▸ **Data for analysis**:
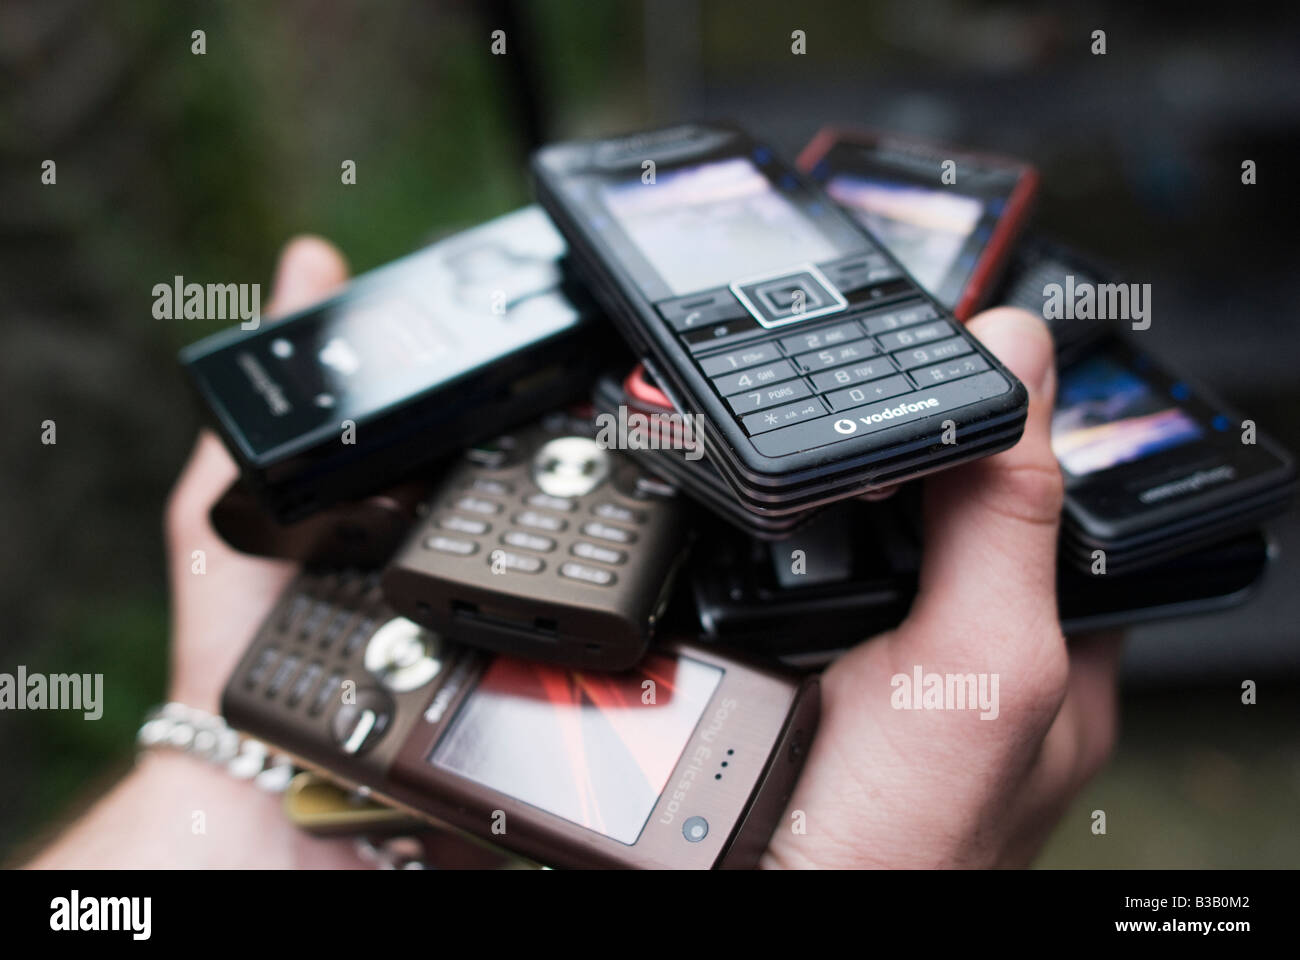 Hands holding a pile of mobile phones Stock Photo
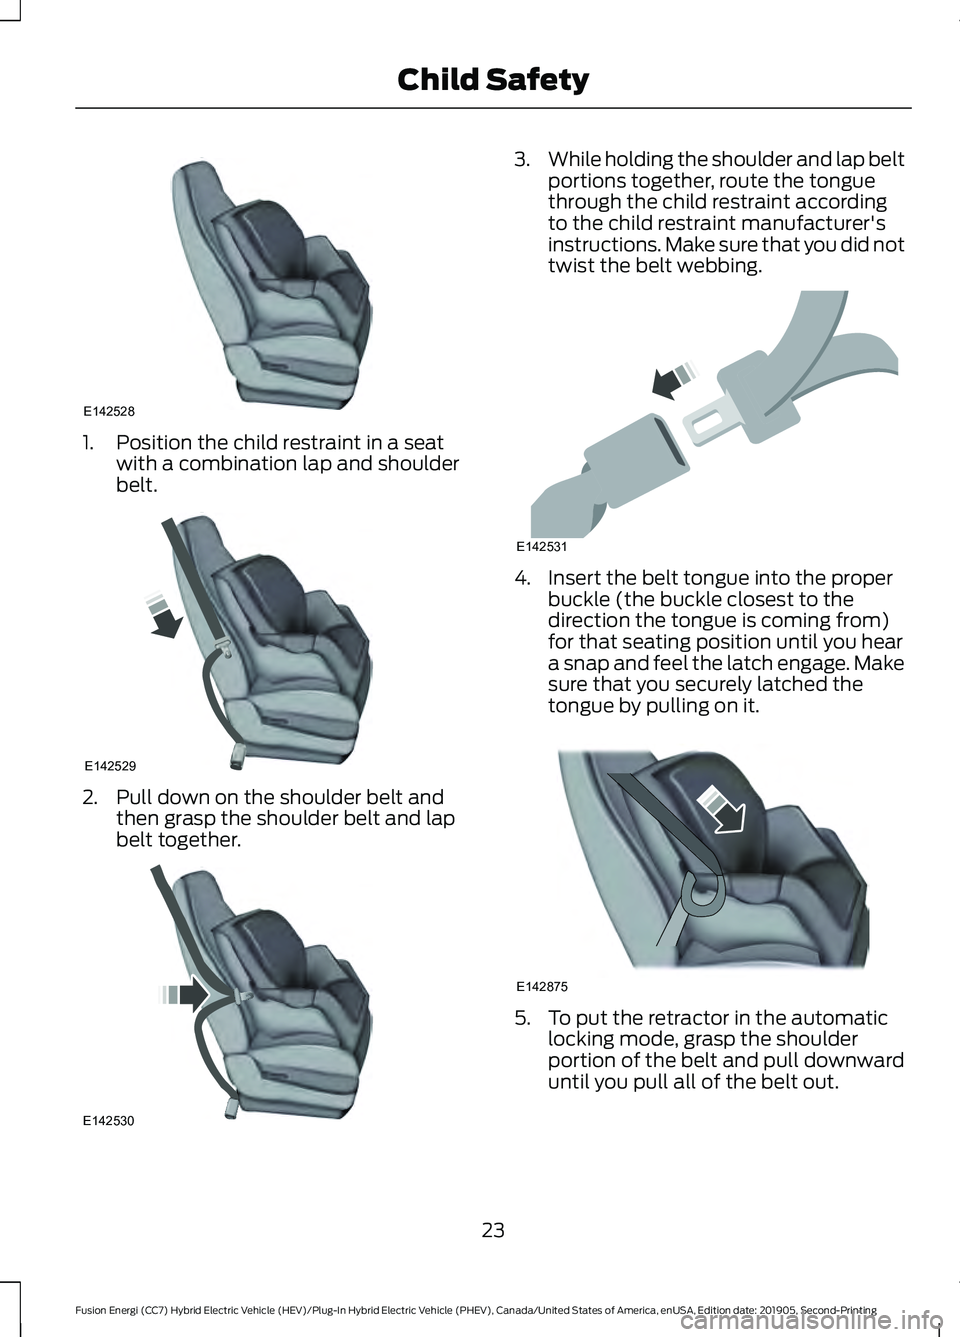 FORD FUSION ENERGI 2020  Owners Manual 1. Position the child restraint in a seat
with a combination lap and shoulder
belt. 2. Pull down on the shoulder belt and
then grasp the shoulder belt and lap
belt together. 3.
While holding the shoul
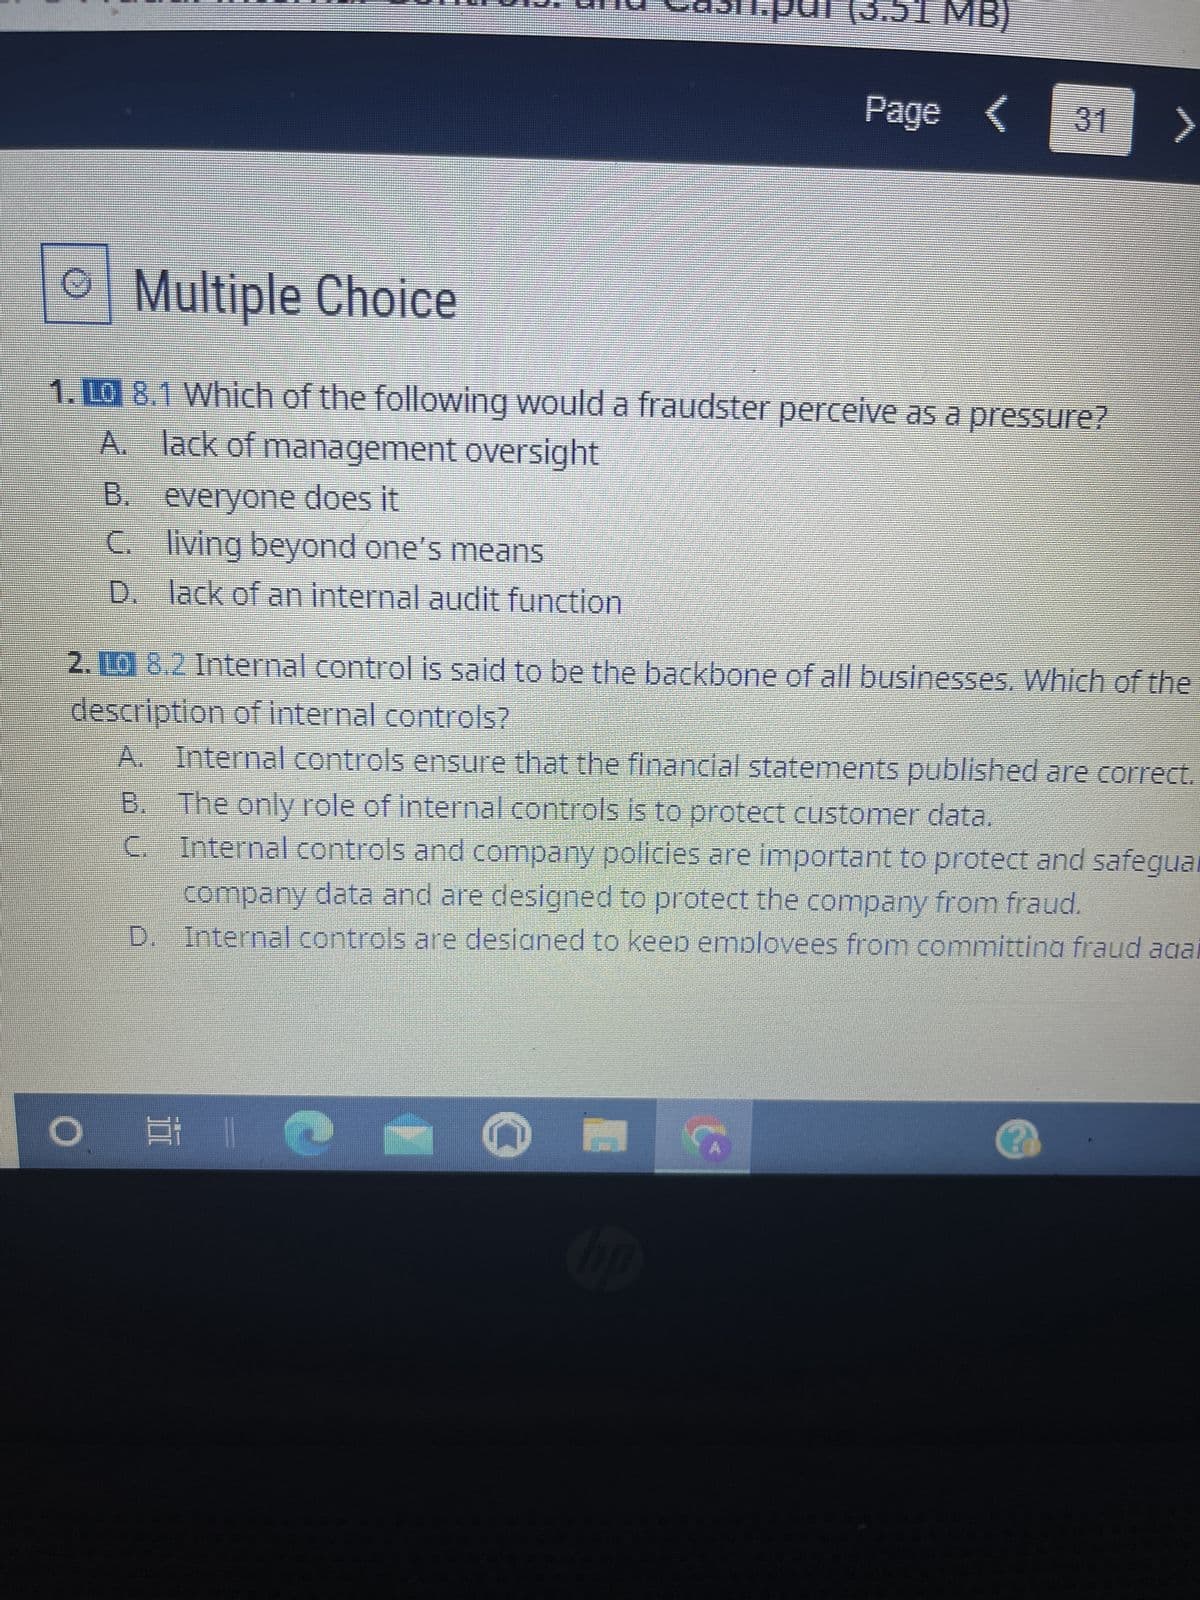 G
Multiple Choice
1. Lo 8.1 Which of the following would a fraudster perceive as a pressure?
A. lack of management oversight
B. everyone does it
C.
living beyond one's means
D. lack of an internal audit function
O
(3.51 MB)
2.10 8.2 Internal control is said to be the backbone of all businesses. Which of the
description of internal controls?
A. Internal controls ensure that the financial statements published are correct.
B.
The only role of internal controls is to protect customer data.
Internal controls and company policies are important to protect and safeguar
company data and are designed to protect the company from fraud.
D. Internal controls are designed to keep emplovees from committina fraud agai
C.
Page < 31 >
31 1 2 -
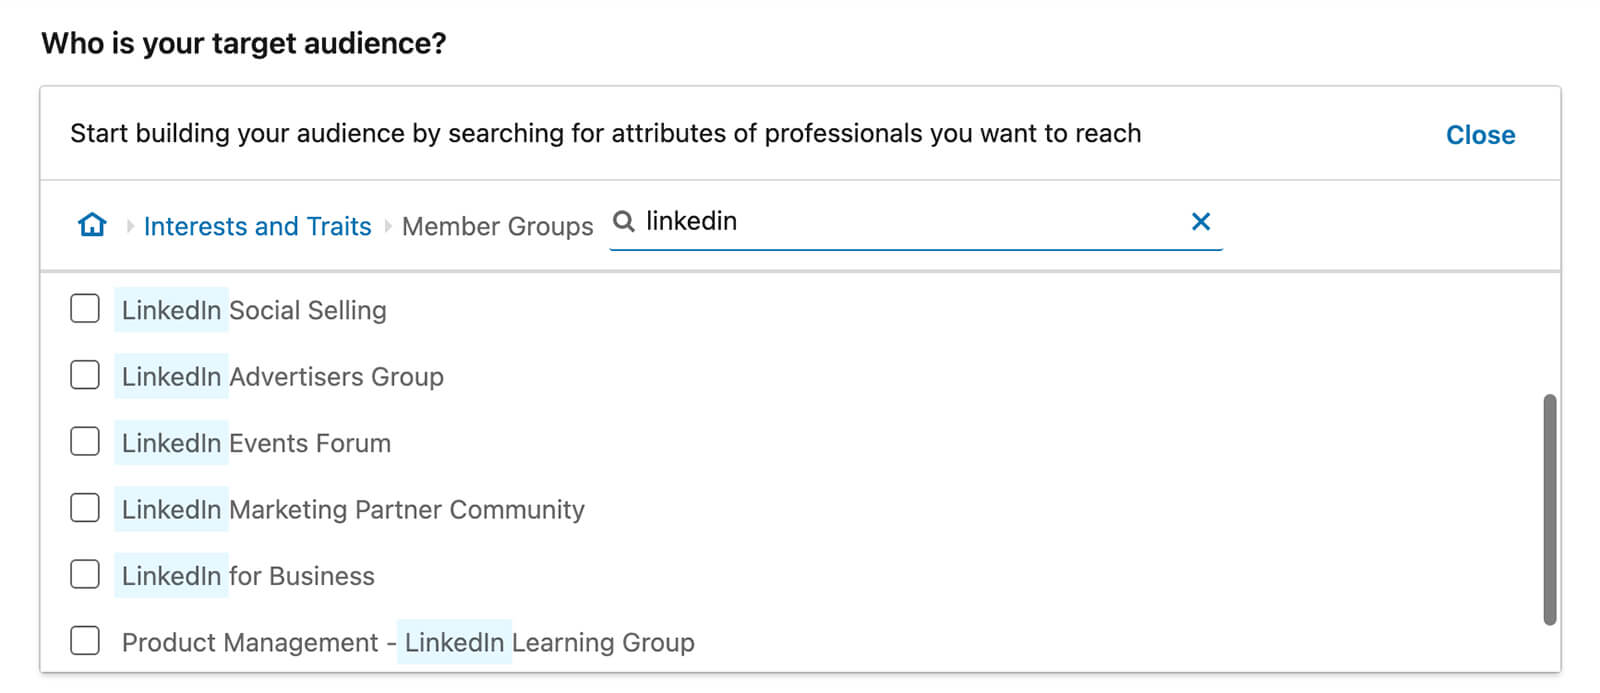 how-to-use-targeting-get-in-front-of-competitor-audiences-on-linkedin-member-groups-step-23
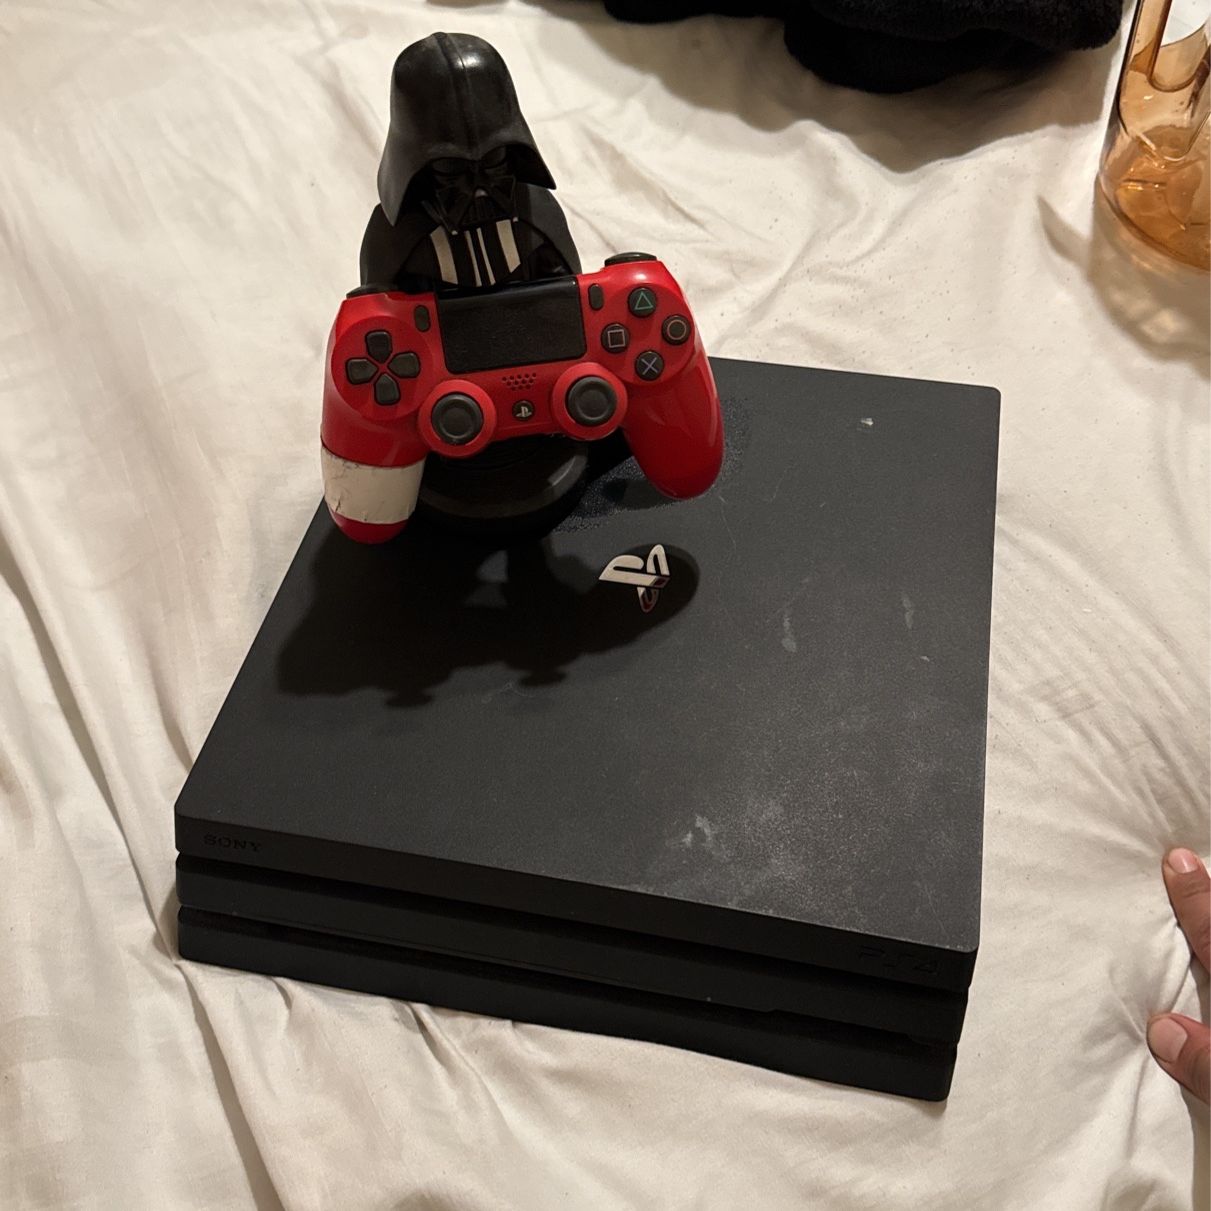 PS4 Pro 1tb + Controller $200 OBO
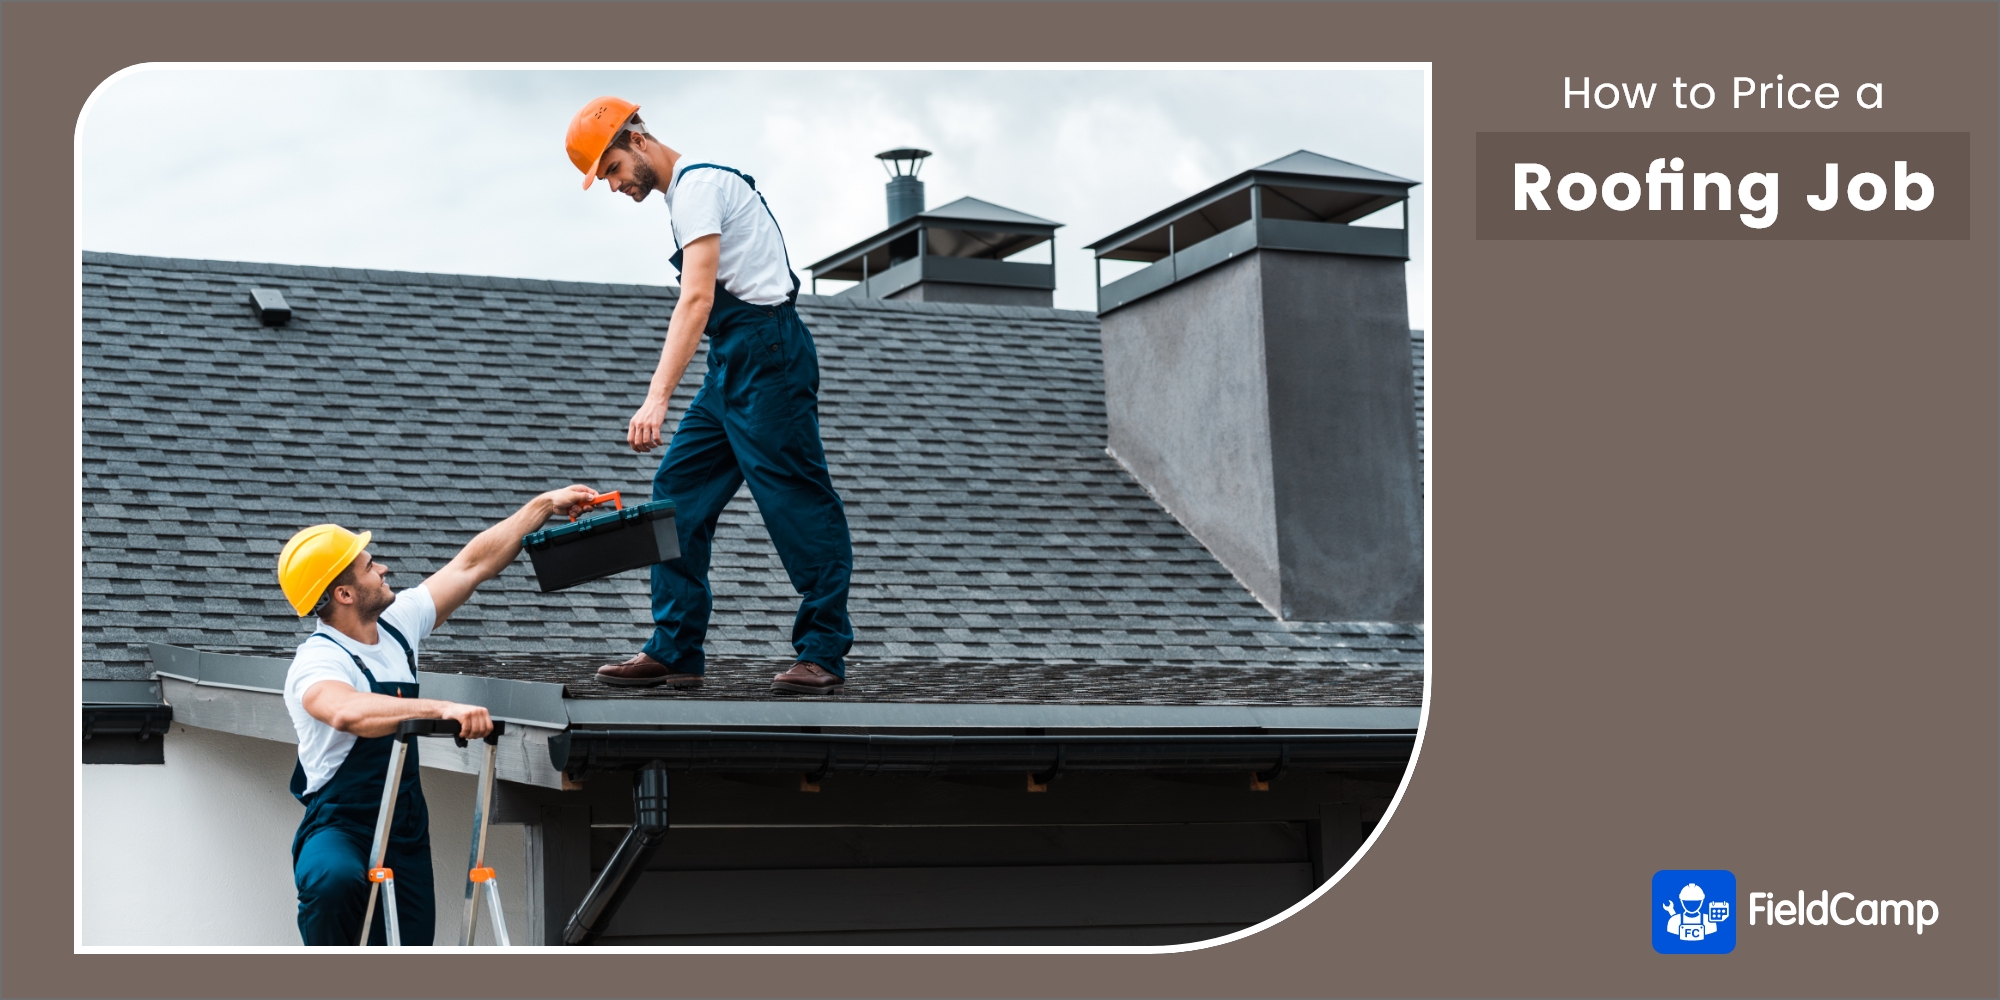 How to Price a Roofing Job

▸ **Work required**:
Determine how many lines of the listing above hold the word "controls". Report that number without anything else.

▸ **Exercise result**:
5